Fattah, who acted as his own lawyer at trial and is expected to represent himself again in court Tuesday, had not submitted his own sentencing recommendation to the judge by late Friday.

And the usually loquacious and publicity friendly congressman's son - who spent the morning of his conviction negotiating his first post-verdict interview with a local TV station - could not be reached for comment.

His cellphone was off. He did not respond to texts or emails. His usually active social media accounts went silent.

Much was made at Fattah's trial last fall of the lavish lifestyle he led, largely paid for by other people's money.

Government witnesses testified about his penchant for designer suits and Hermes ties. Prosecutors scoffed at his attempts to explain away the purchase of a $45,000 BMW 3-series roadster as a business expense.

"Proud of the status he thought he had achieved . . . Fattah actually framed his Amex cards and the receipt he got for the purchase of the BMW," Gray and Gibson wrote Thursday. "The striking items decorated the walls of his [$600,000] apartment at the Ritz."

Over the last decade, Fattah held himself out as the owner of several successful businesses that prosecutors described mostly as scams.

They referred to his management consulting firm, 259 Strategies, as a shell company. American Royalty - his personal concierge service that promised high-rollers access to sports tickets, private planes, and reservations at ritzy restaurants and exclusive golf clubs - ripped off customers out of a total of $53,000.

Nonetheless, Fattah and a former business partner were able to secure $141,000 in business loans in 2005 from area banks to fund those ventures by grossly inflating the money he was making. He spent the cash on himself and later downplayed his income to creditors to convince them he was unable to pay what he owed.

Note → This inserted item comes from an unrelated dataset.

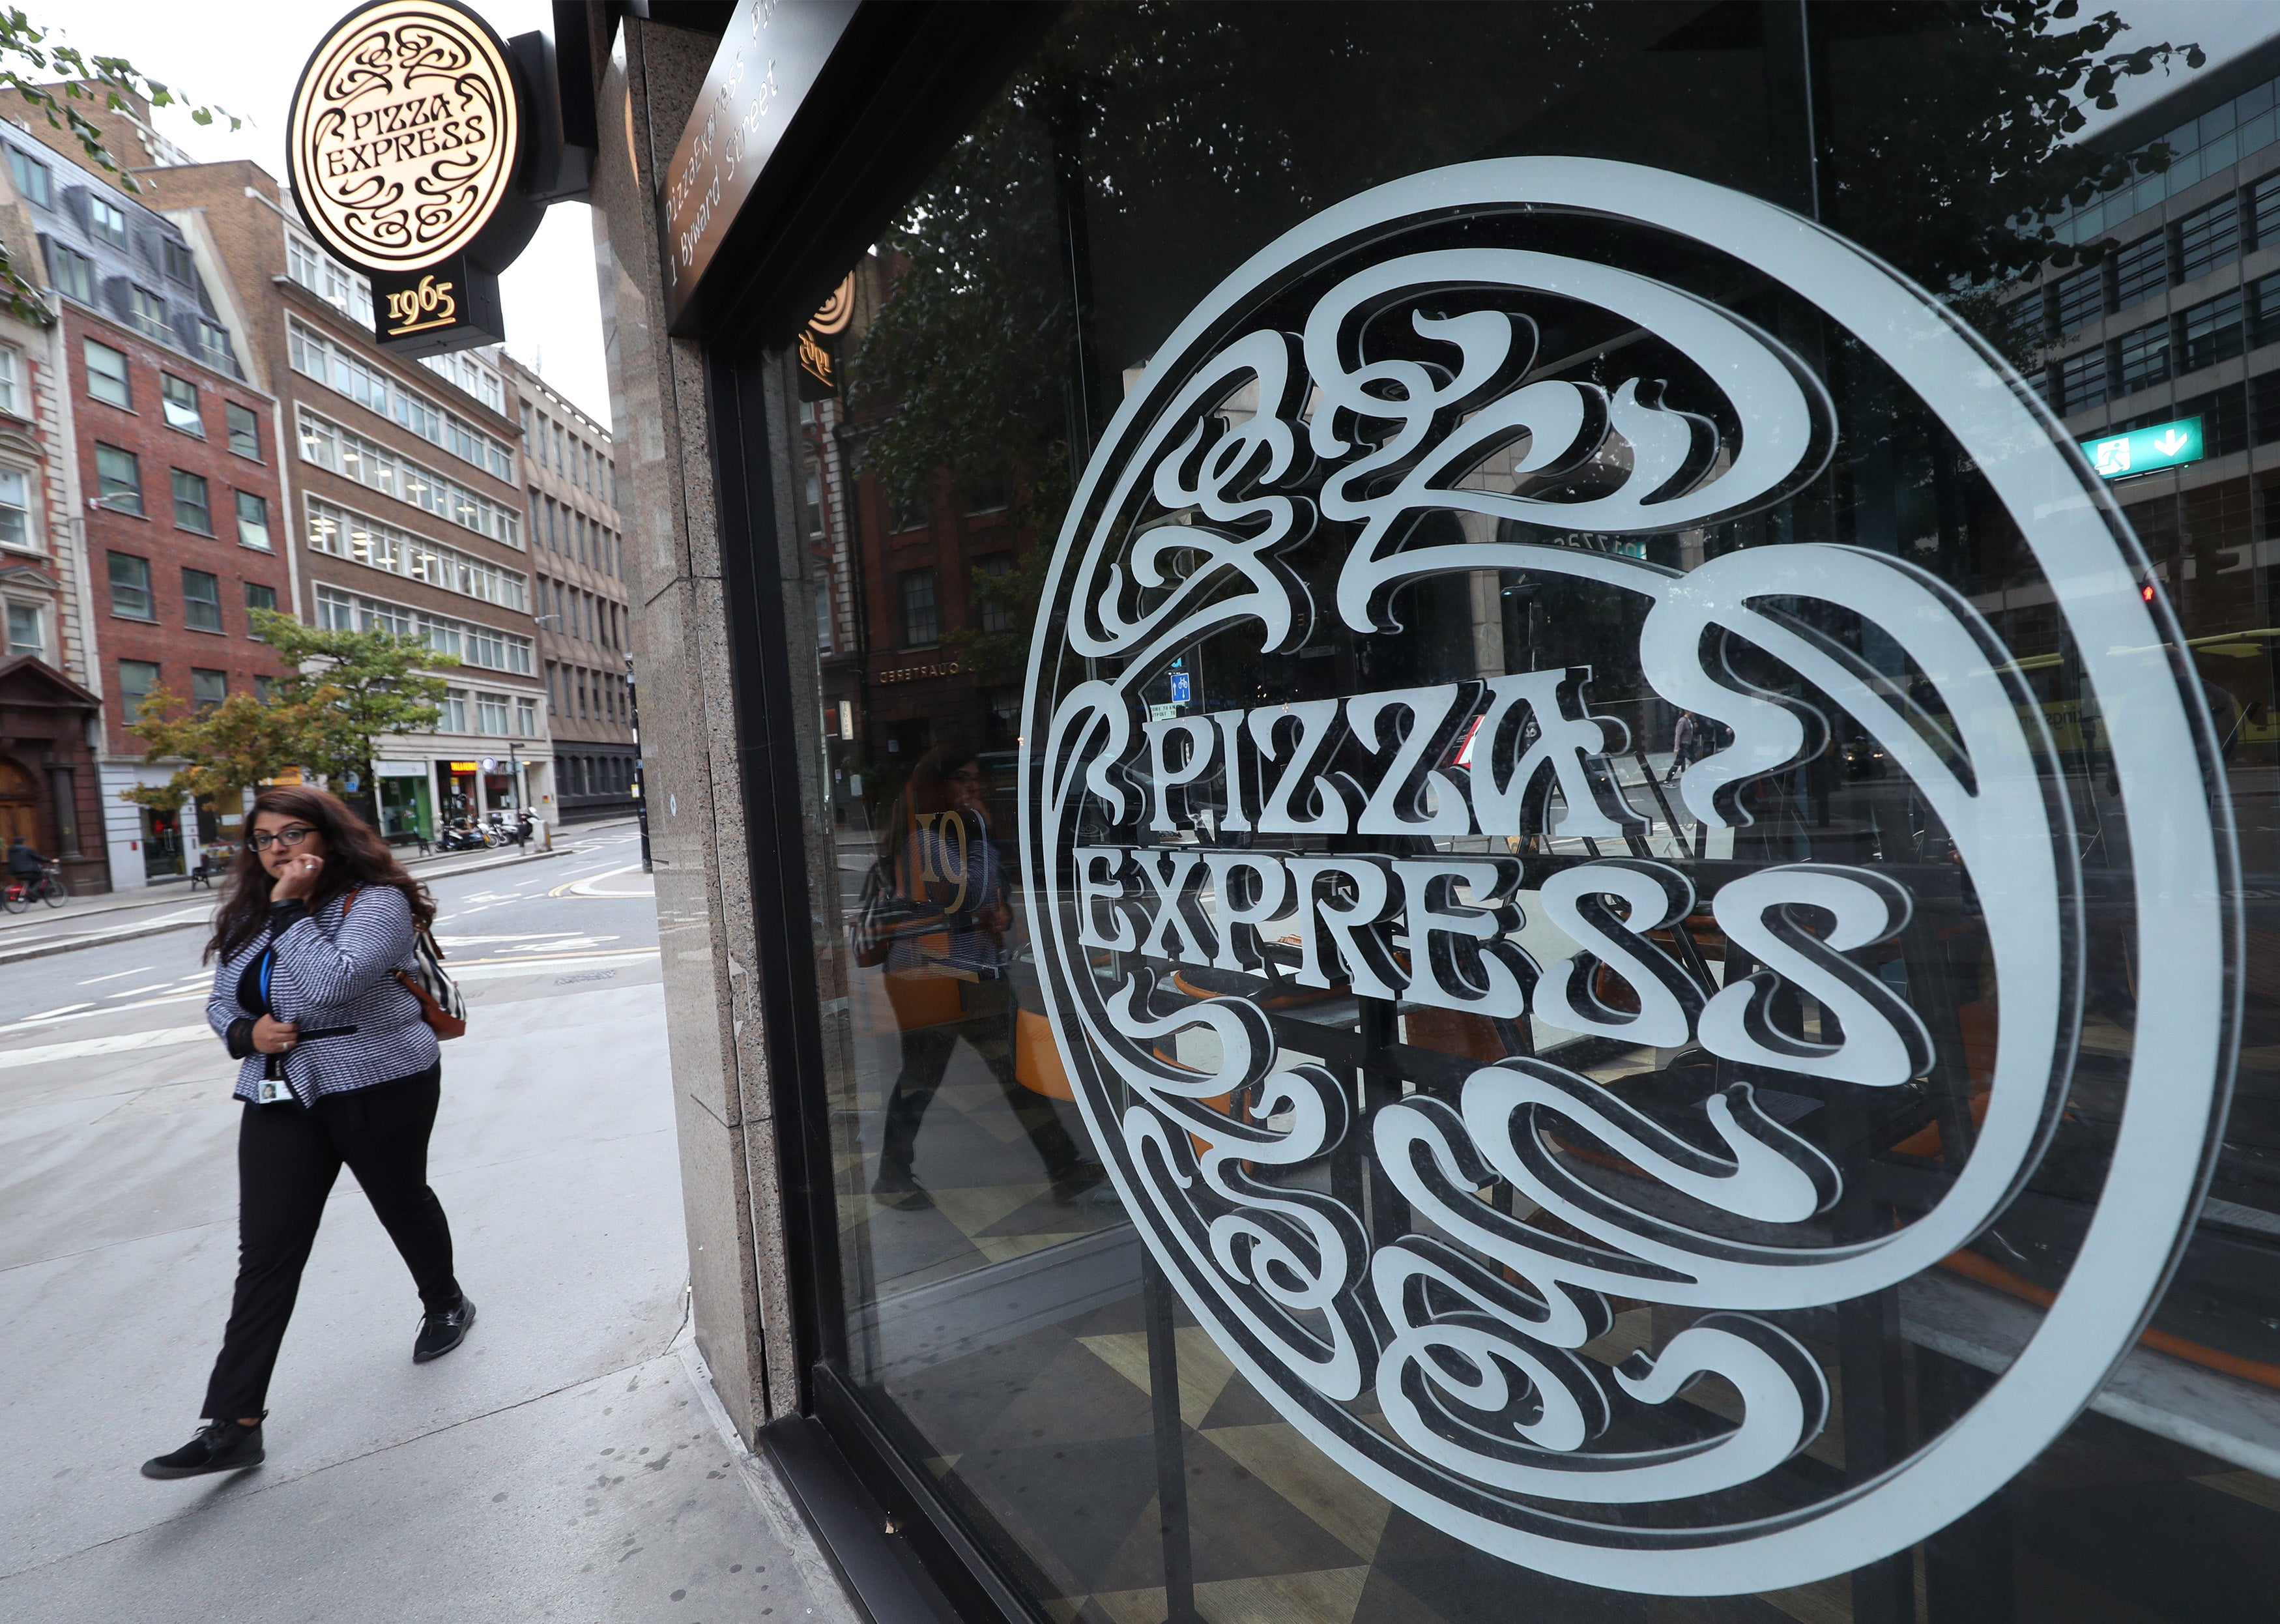 Pizza Express concluded a £335 million refinancing in July (PA)

Later, Fattah tipped off authorities to a separate scheme in 2012, when he contacted a Philadelphia School District fraud tip line in 2012, hoping to implicate - and collect a reward for doing so - his then-employer, Delaware Valley High School. The for-profit education firm held more than $4 million in contracts to run two alternative schools.

Fattah told district officials in a meeting that year that company president David T. Shulick had bilked taxpayers out of hundreds of thousands of dollars between 2010 and 2012 by submitting inflated budgets for his program.

But the jury concluded in November that Fattah had also thoroughly implicated himself in the theft.

In their filings Thursday, prosecutors urged Bartle to order Fattah to pay restitution to his victims.

Citing his own words caught on FBI wiretaps, they described his attitude toward those he cheated as one "laced with arrogance, privilege, and a degree of entitlement."

"F- the credit lines," Fattah told a former business partner in one conversation cited by prosecutors in their sentencing recommendation to the judge. "It's not about the credit lines. It's about figuring out how to make money and having fun."

Fattah has long insisted that he caught the attention of federal authorities only because of his father's political prominence.

The congressman faces his own corruption trial in May on allegations that he misused federal grant funds, charitable gifts, and campaign donations under his control to pay off debts and enrich himself and others - charges he has repeatedly denied.

On Friday, the congressman reiterated complaints he has previously made about the Justice Department's conduct in investigating his family in a letter to the House Committee on Oversight and Government Reform.

Earlier this week, Fattah demurred when asked about his son's upcoming sentencing hearing.

"All I can say," he said, "is that I love my son."